Goldman Sachs Face Record Fine of USD 350 million In Hong Kong Over 1Malaysia Development Berhad Scandal

Business

Goldman Sachs Asia has been slapped with a record fine of USD 350 million by a securities watchdog of Hong Kong. Securities and Futures Commission (SFC) of Hong Kong has fined the regional unit of the US investment bank for its role in a scandal that toppled a government in Malaysia. The global financial titan was involved in the massive 1Malaysia Development Berhad bribery scandal. According to the watchdog, serious lapses and deficiencies on part of the Hong Kong-based compliance and control hub of the Wall Street bank contributed to the misappropriation of USD 2.6 billion. The SFC said in a statement that serious lapses and deficiencies resulted in the misappropriation of USD 2.6 billion from the 1Malaysia Development Berhad fund.

According to the regulator, an early resolution of the disciplinary action is the result of Goldman accepting the findings of the Securities and Futures Commission. Because of the failures, 1MDB raised USD 6.5 billion from three bond offerings. These bonds were issued in 2012 and 2013. The bank had significant involvement in 1MDB bond offerings. It was paid USD 581.5 from 1MDB as fees. This included USD 567 million in commission from the sales of bonds. The Hong Kong unit of Goldman Sachs alone received 37 percent of the total fees or USD 210 million.
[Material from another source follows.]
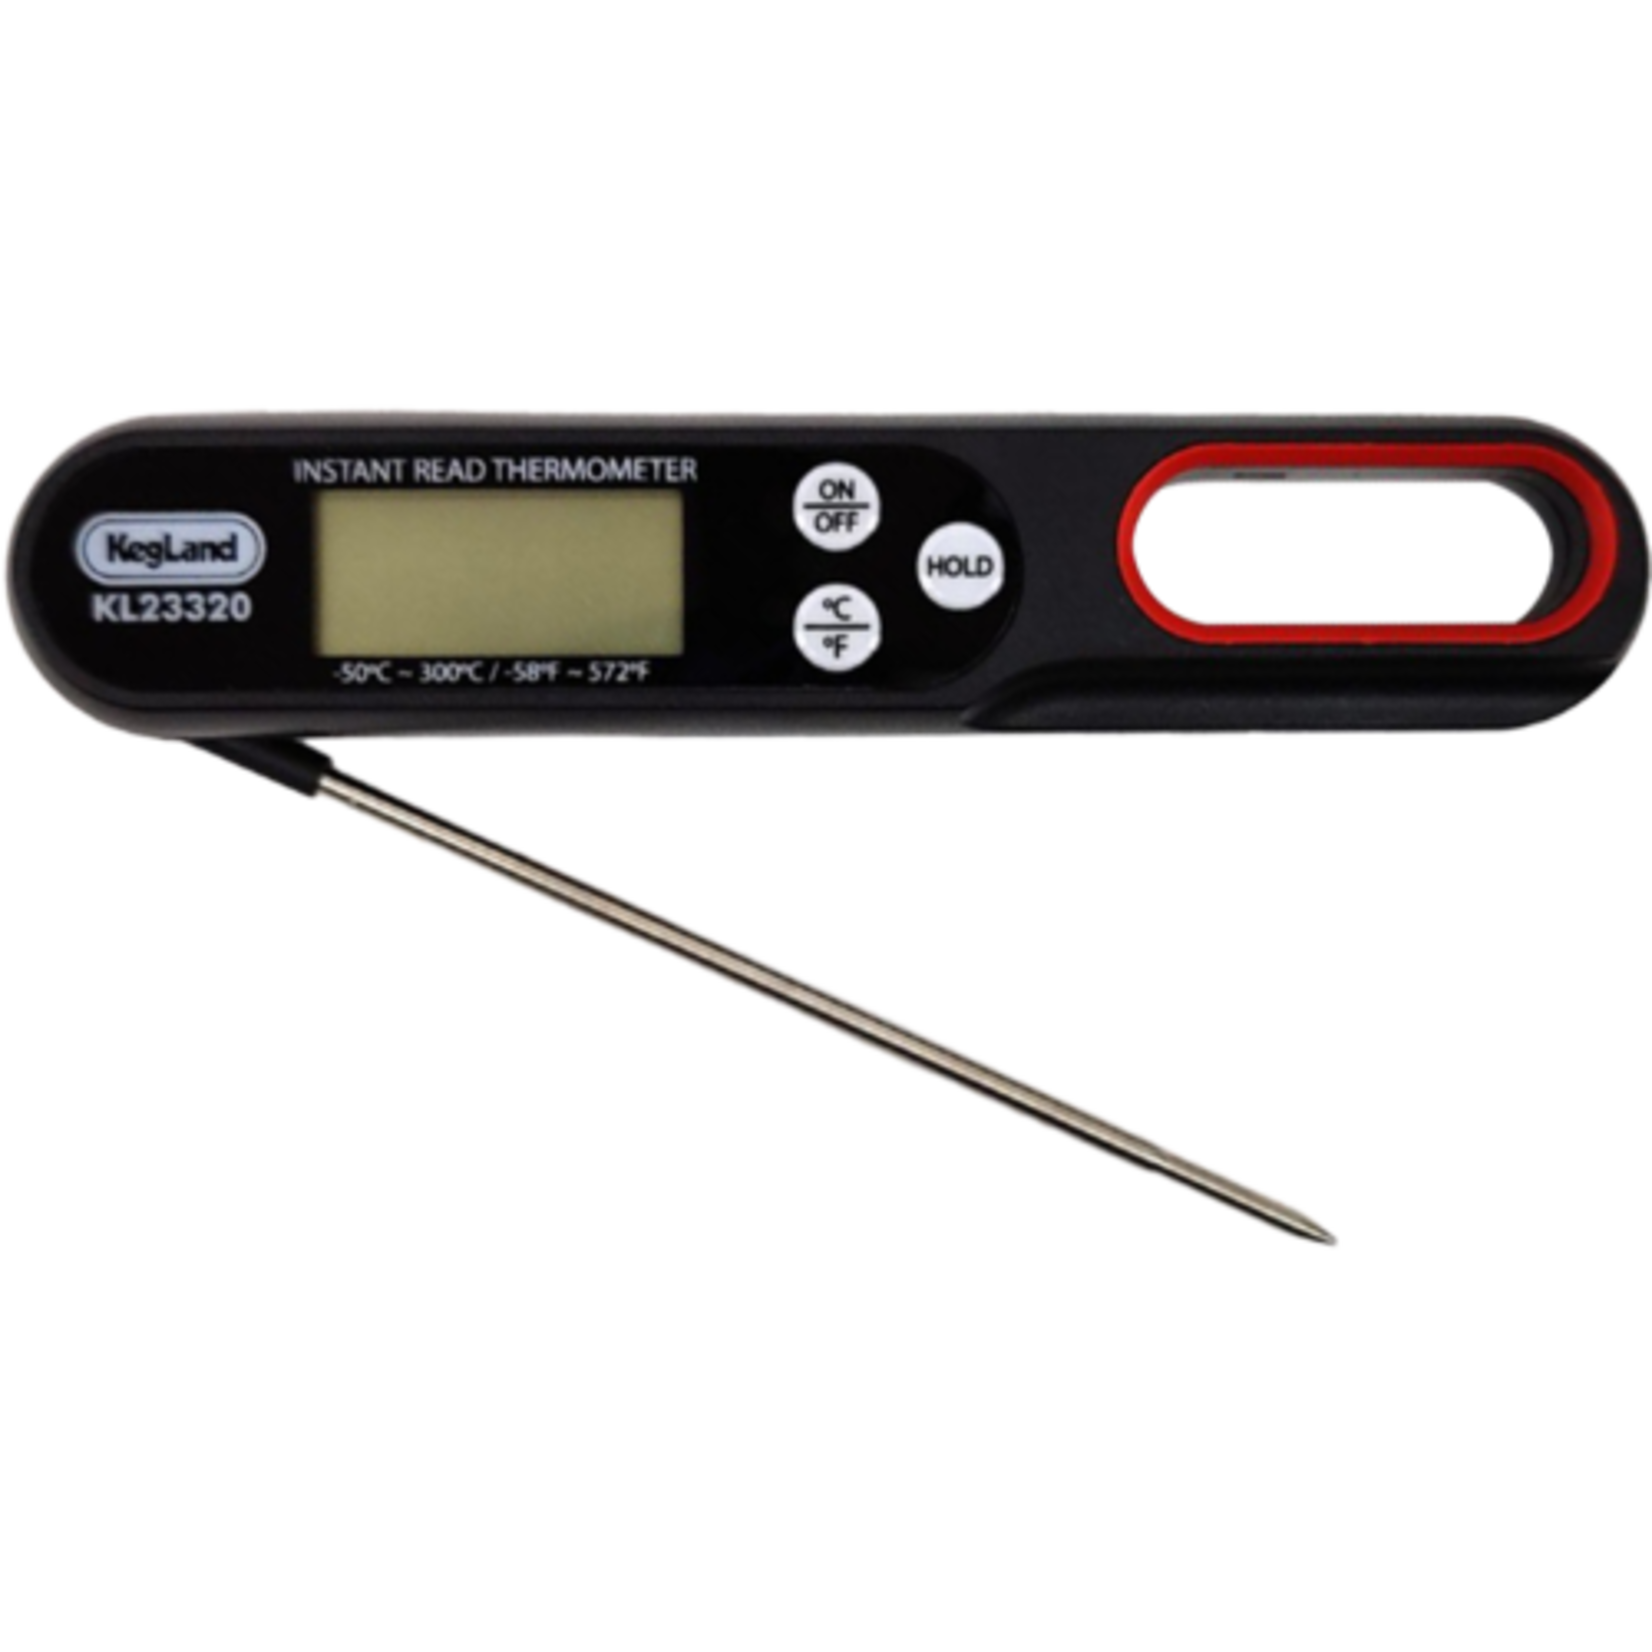 Kegland Digital Thermometer w/ Folding Probe

The bank failed to put in place adequate control to inspect staff and discover misconduct in its day-to-day operations. Because of this laxity, bonds of 1MDB were allowed to proceed despite several red flags being raised around the offerings, and they were not scrutinized properly. No one bothered to find satisfactory answers to such red flags. The bank is expected to issue a statement in this regard soon. Earlier in August, it settled criminal proceedings with the Malaysian government. Chief executive of the SFC Ashley Alder said the action is the result of an independent investigation conducted by the security watchdog. The penalty has been imposed in accordance with the fining framework of Hong Kong. In July last year, Tim Leissner – former partner of Goldman Sachs in Asia – was banned from working as a financial adviser in Hong Kong. Leissner accepted paying bribes and kickbacks to Abu Dhabi and Malaysian officials to obtain business from 1MDB. He pleaded guilty in August 2018 to criminal charges pressed against him. According to the US Department of Justice, USD 4.5 billion was siphoned from 1MDB. This happened during the period when Leissner was licensed by the watchdog. The money was used for buying everything, be it a custom build yacht or paintings by Van Gogh and Monet.